= Breakaway (radio programme) =

Breakaway was BBC Radio's second regular consumer travel programme, the first being the short-lived "Away From It All", both run by producer Roger MacDonald. It was launched on 29 September 1979, when it ran from 9.05 to 9.50 on BBC Radio 4 and continued to be broadcast live every Saturday morning in roughly the same time slot for almost two decades. Its longest-serving presenter was Bernard Falk, who fronted the programme from 1980 to 1990. Breakaway finally came to an end as part of the extensive schedule changes introduced by Radio 4 controller James Boyle in April 1998.

==History and format==
Breakaway took the BBC into a new era, far removed from the idealised travel dreams of the Holiday programme, presenting a relatively impartial and realistic view of travel. MacDonald favoured reporters who were members of the Guild of Travel Writers who were hardened travel professionals, and schooled them in the art of radio journalism.
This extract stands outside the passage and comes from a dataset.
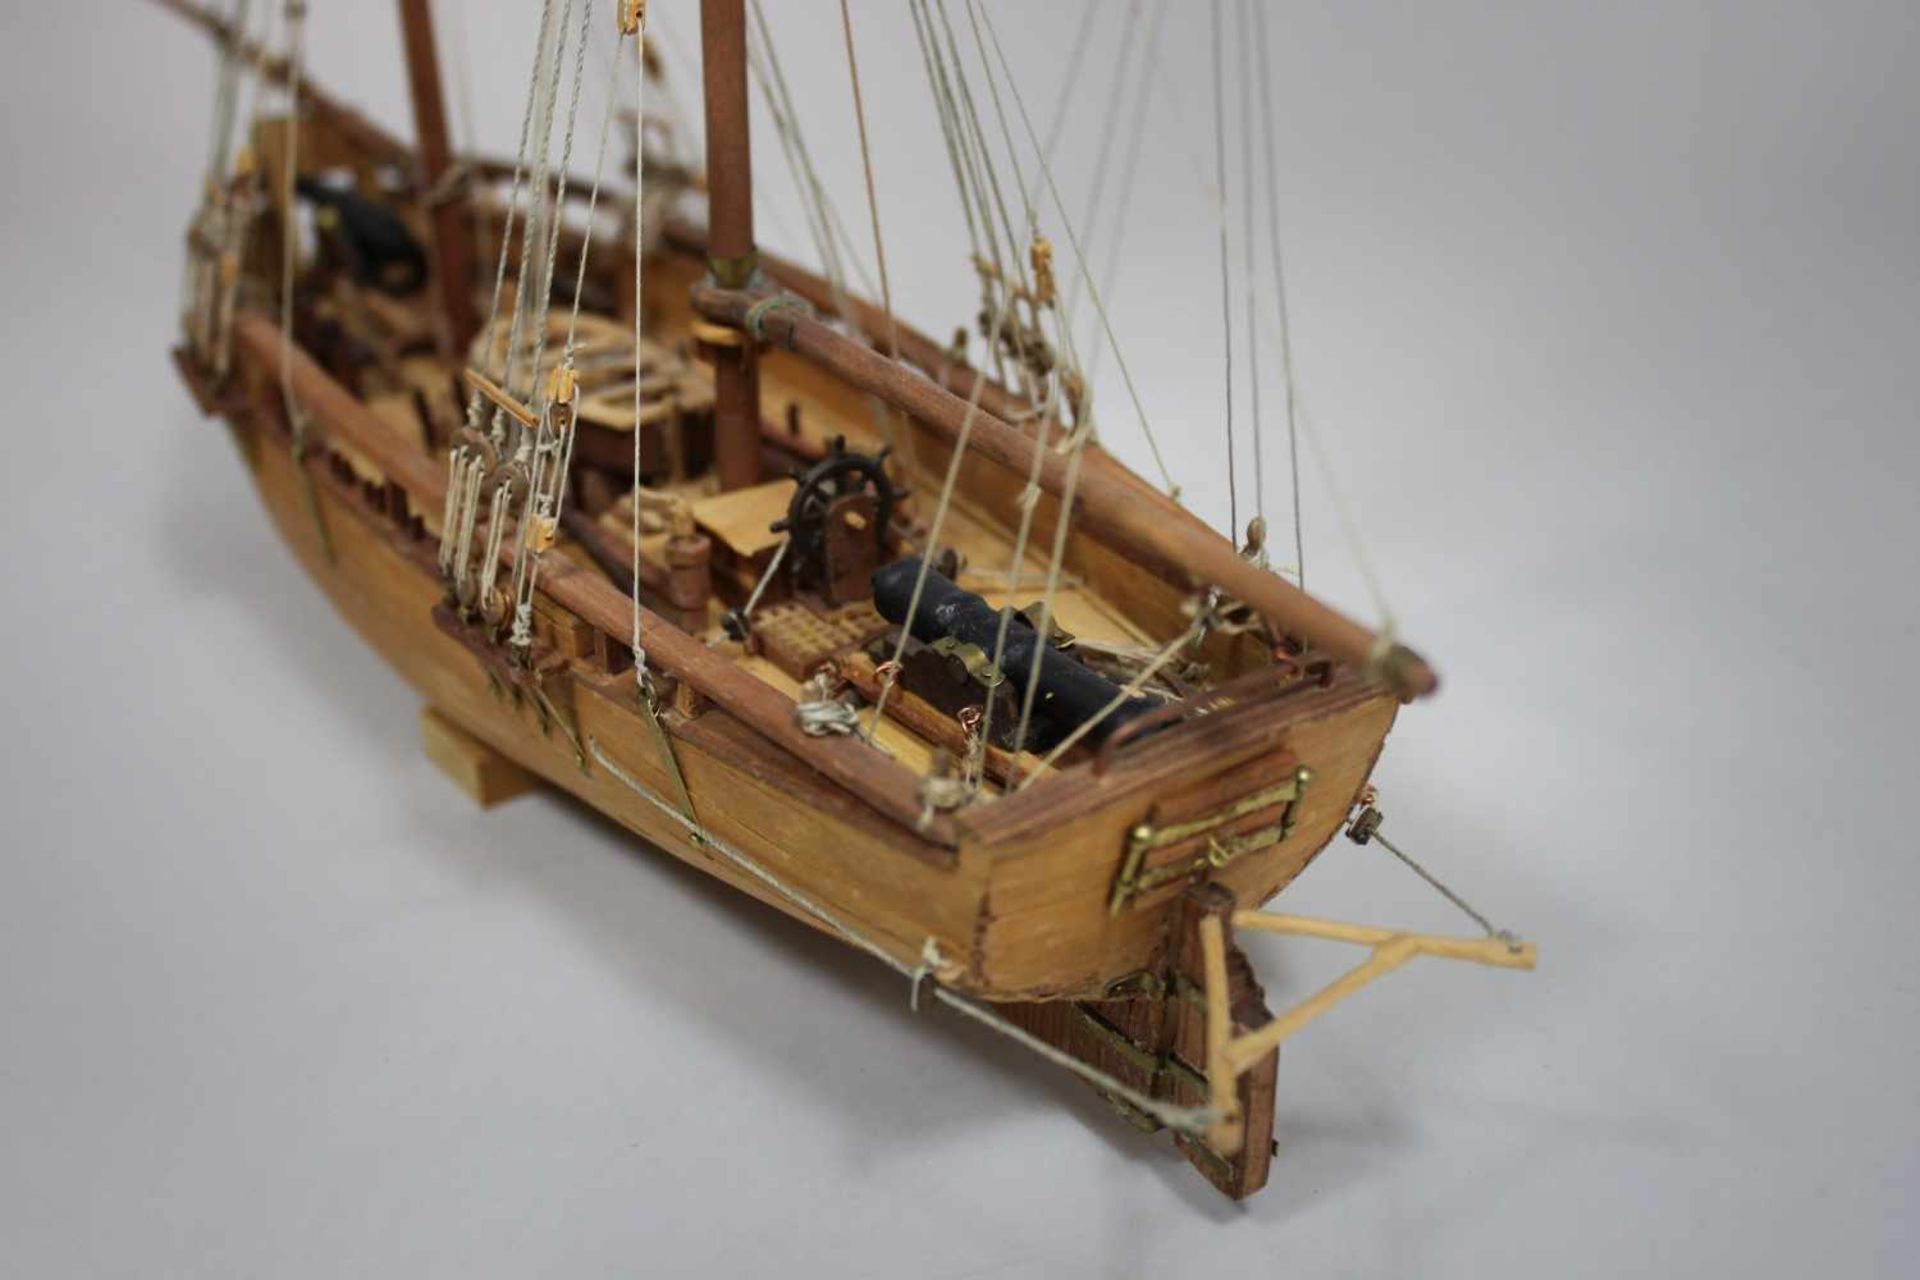 Modellschiff No. 40, Holz, teilweise farbig gefasst, Maßen ca.: 42 x 26 cm. Aus einer Privatsammlung - Bild 2 aus 2

A regular commentator was Nigel Coombs, then editor of Travel Trade Gazette who provided knowledgeable insights into the travel industry. The mix of 'warts and all' location features and comedic interviews with travel executives trying to defend the indefensible, found almost universal favour with the audience. Editor of the Skier & Snowboarder magazine, Frank 'Scoop' Baldwin, and his deputy Rob Freeman, also agreed to be interviewed while naked in a sauna in Zell am See to give an insight about the etiquette Brits would have to adhere to when visiting Austrian spa facilities.

The programme often discussed unsavoury topics; for example, it ran an interview with Dr. Jane Wilson-Howarth on diarrhoea while travelling. The programme was occasionally broadcast from overseas, including New York, Hong Kong, Singapore and the Great Barrier Reef, Australia, and famously on one occasion live from Bruges on the weekend when the Townsend Thoresen ferry "Herald of Free Enterprise" ran aground.